Saturday, February 10, 2007

Towards a 4-Star Raw Foods Cuisine


I wrote the following in 2001 and updated it in 2003. We've made some progress! We need to make some more!

Towards a 4-Star Raw Foods Cuisine


Whenever I mention my raw foods lifestyle to a non-raw friend or relative, despite my considerable enthusiasm, I'm usually met with a ho-hum response. In fact, I'd sure be surprised if some cooked foods eater reacted to my zeal with a hearty "Wow, I'm gonna start eating all raw now too!" It's not that I'm negative. It's just that I don't think that cooked foods eaters' lack of interest in trying something new is only because they're stuck in their habits.


The Challenge

I think the real problem is that we still don't have a 4-star raw foods cuisine. Sure, those of us who've been raw for a while (and who live in the right places) have enjoyed the rare raw restaurant, have savored the occasional amazing dish at a pot luck, and have been willing to order large salads--or gazpacho or guacamole (if we're lucky enough to find them)--at regular restaurants.
But unless a raw newbie lives in the handful of cities that have raw restaurants, that newbie is pretty much on his or her own.
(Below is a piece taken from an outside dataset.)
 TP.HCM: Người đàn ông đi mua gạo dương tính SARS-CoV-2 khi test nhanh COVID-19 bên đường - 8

Let's face it: most people lack the time or motivation to be their own inventive chefs.


What We Need

It's for these very reasons that I'm calling for the following:

Let's have frozen banana and coconut "ice cream" kiosks in every shopping mall and neighborhood coffee bar;

Let's have dehydrateries alongside the bakeries found in every town;

Let's have raw food restaurants of every genre and stripe--from fast food casual to romantic hideaways to arty minimalist venues; places that can accommodate large parties, families, or just one or a few.
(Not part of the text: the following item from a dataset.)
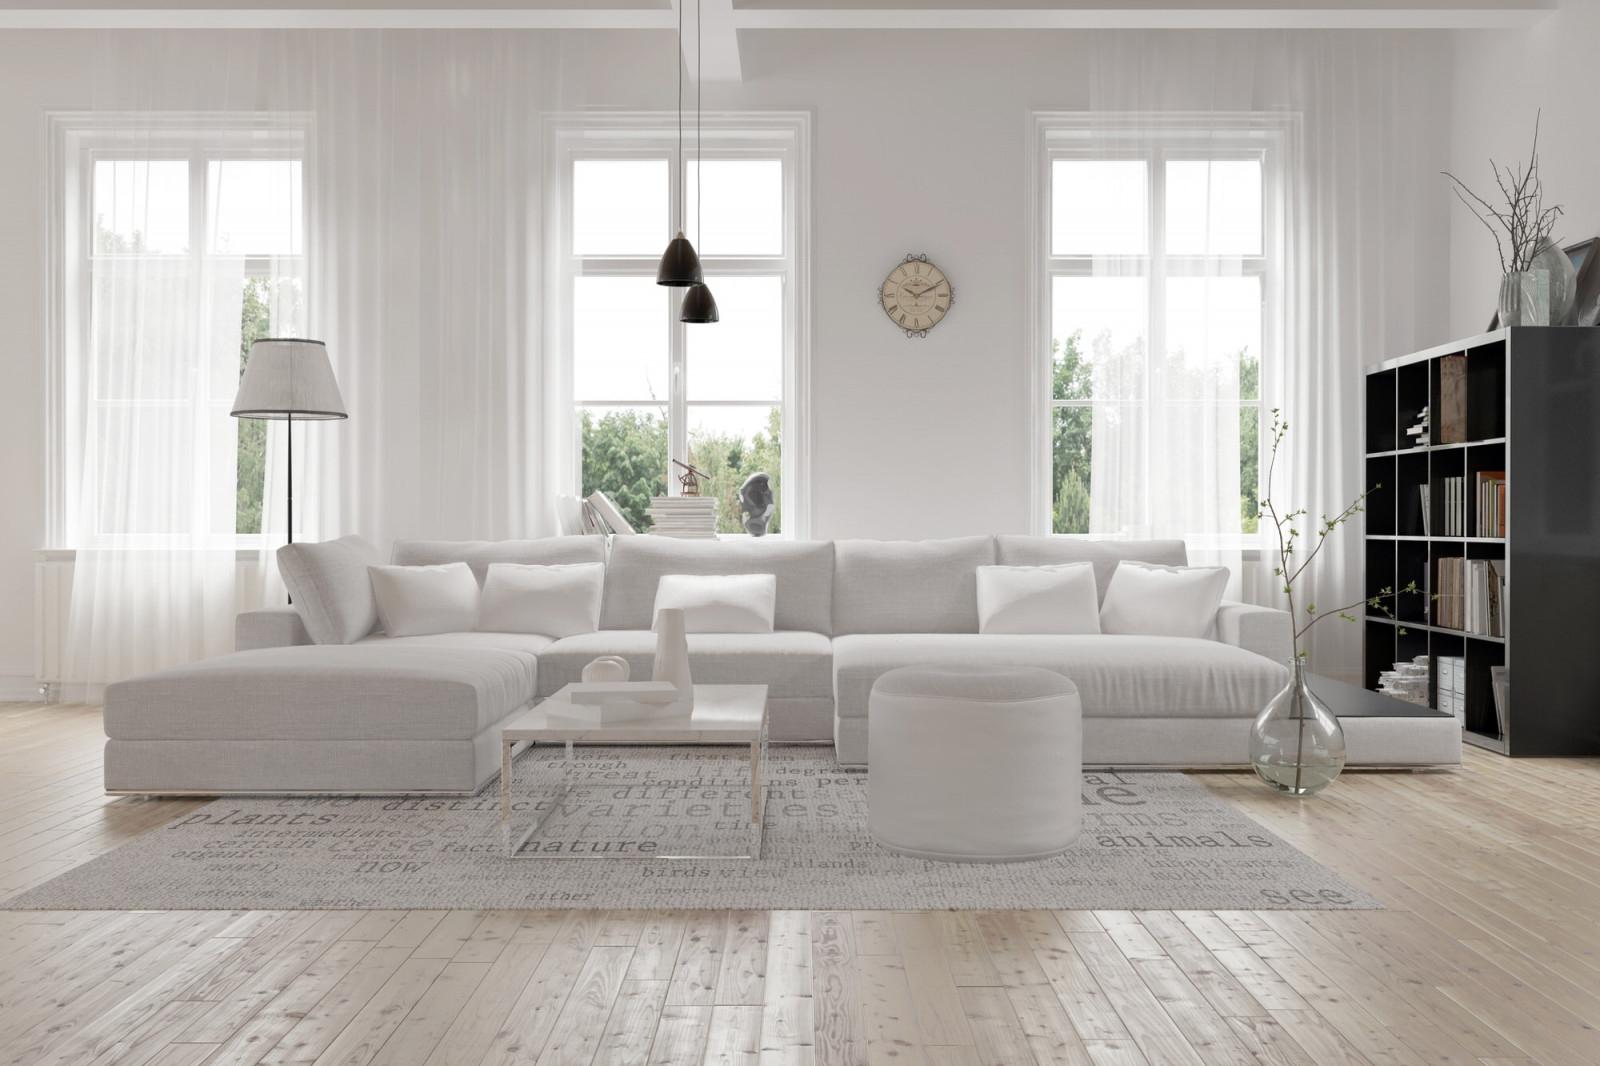 Große Räume Einrichten Und Gestalten – So Geht's  Heimhelden von Quadratisches Wohnzimmer Einrichten Photo

Let's have raw restaurants with community tables so that those dining alone can meet others; and restaurants of every ethnic specialty; and retro diners complete with mini-jukeboxes in every booth.

Let's have raw vegan restaurants in malls, large and small cities, in business districts and downtown areas, at theme parks and other tourist attractions, and even at sports stadiums and on highways.

Let's have raw vegan takeout items in the giant and small markets people frequent.

Let's have raw snacks at movie theater concession stands.

TV

Let's have national recipe contests sponsored by the date growers', the coconut growers', and the dehydrator manufacturers' associations, with the winners appearing on Good Morning America and the Today Show.

Let's have several regular raw foods shows on the Food Network--no, why stop there? Let's have our very own Raw Foods Channel.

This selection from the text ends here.